Он спал, оказывается. Горит фонарь. На дворе, в темноте, старый негр Ишам бьет ложкой в таз, кричит:
— Уже четыре! Вставайте кофе пить! Вставайте кофе пить!
В палатке шум одевания, и приглушенный говор, и настойчивый голос Легейта:
— Давайте побыстрее из палатки, пусть дядя Айк спит. Если разбудим, он не захочет остаться. А ему сегодня нечего в лес выходить.

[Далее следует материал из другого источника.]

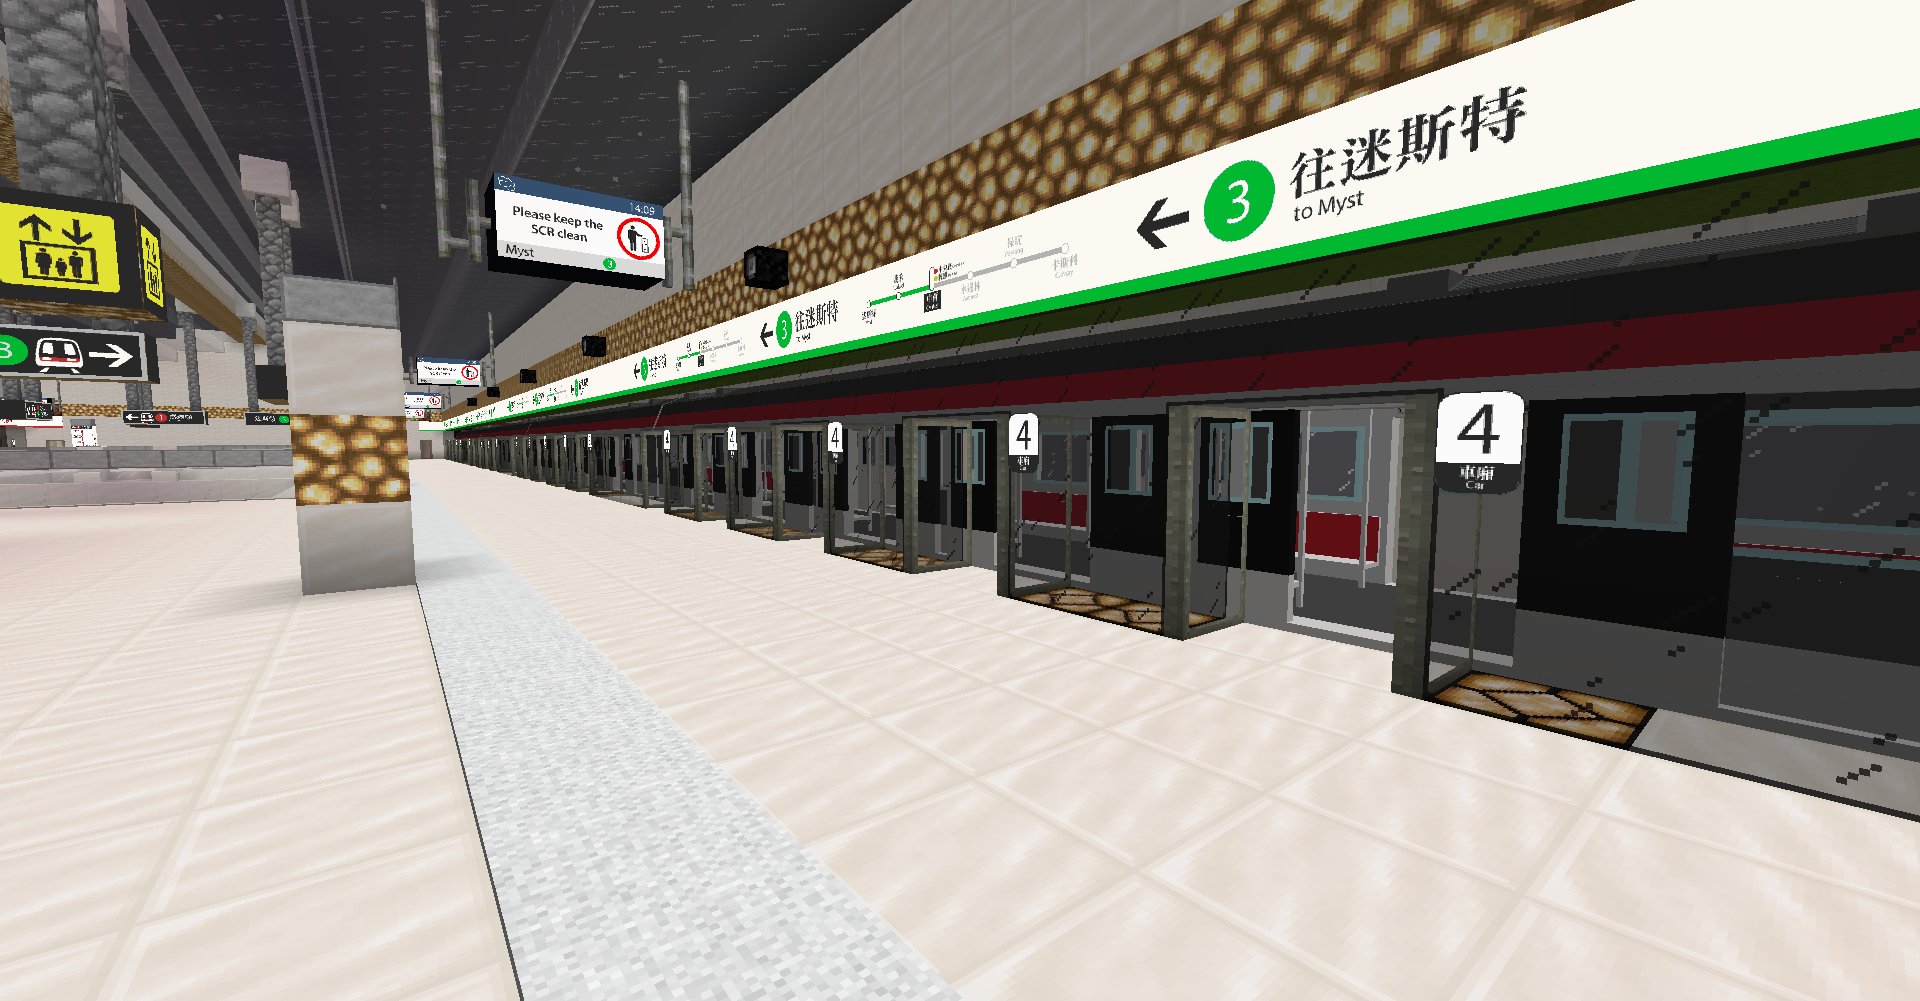 SCR Central Station Platform 3

И старик лежит не шевелясь, с закрытыми глазами, дыша тихо и ровно и слушая, как один за другим они уходят из палатки. Он слышит, как завтракают под тентом и как отправляются в лес — слышит гам собак и лошадиный фырк; последний голос затихает, негры убирают посуду. Скоро до него, быть может, донесется, дозвенит из влажных лесных далей вопль первой гончей, поднявшей оленя, а там и опять сон придет. Колыхнулся входной полог, задетая кем-то койка вздрагивает, чья-то рука ложится ему на одеяло, на колено, и он открывает глаза. Это Рос Эдмондс; держит Рос, однако, не винтовку свою, а дробовик, и говорит быстро и жестко:
— Прости, что разбудил. Тут ко мне придут…

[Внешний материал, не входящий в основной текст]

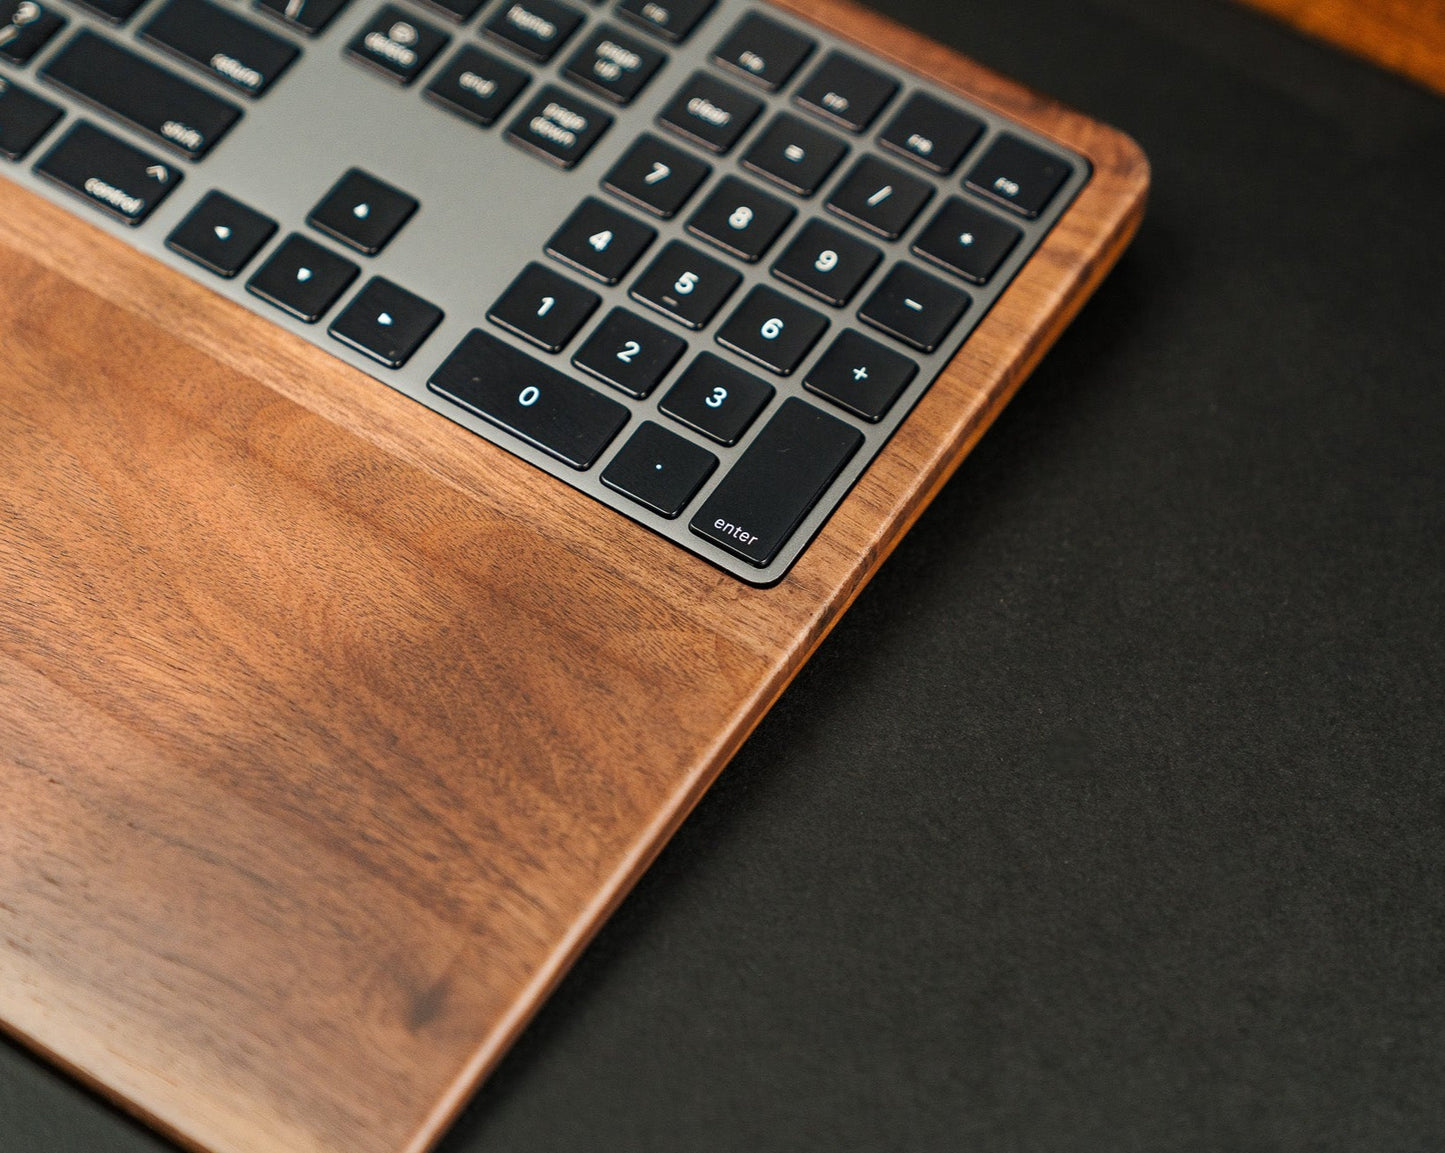 The Pro Magic Walnut Keyboard and Trackpad Tray

— Я не спал, — произносит Маккаслин. — Зачем тебе сегодня дробовик?
— Ты же сам вечером говорил, что свежина нужна. Тут ко мне идут…
— Негоже бить в оленя картечью. С каких это пор ты стал пуделять из винтовки?
— Да ладно, — отрубает Рос со сдерживаемым свирепым раздражением. Старик видит в руке у него что-то продолговатое, толстоватое — конверт. — Тут ко мне придут сегодня утром. А может, и нет. Но если она… если придут, то передай вот это и скажи от меня «нет».
— Что? — переспрашивает Маккаслин. — Кому сказать?
Он привстает на локте; Эдмондс, уже поворачиваясь уходить, кидает конверт на одеяло, и конверт падает бесшумно и увесисто и соскользнул бы наземь, но старик подхватывает, на ощупь мгновенно угадывая, — как если бы вскрыл и проверил, — что внутри там толстая пачка денег.
— Подожди, — говорит он. — Подожди. — И что-то в голосе его, не просто заботливо-родственное и не просто повеленье старшего годами, заставило Эдмондса остановиться, поднявши уже полог, оглянуться, и Маккаслин увидел, что на дворе теперь светло.
— Скажи ей «нет», — произнес Эдмондс. — Скажи «нет».
Они глядели друг на друга — старое, мятое от сна, серое лицо над измятой подушкой и лицо нестарое, мрачно-холодное и вместе яростное.
— Прав был Уилл Легейт. Так-то охотился ты на енотов. А теперь это. — Старик не поднял руку с конвертом. Не сделал ни жеста, ни кивка. — Что же ты обещал ей такое, что не хватает духа самому сказать в лицо ей «нет»?
— Ничего не обещал я! — сказал Эдмондс. — Ничего! Вручи только вот это. И скажи от меня «нет».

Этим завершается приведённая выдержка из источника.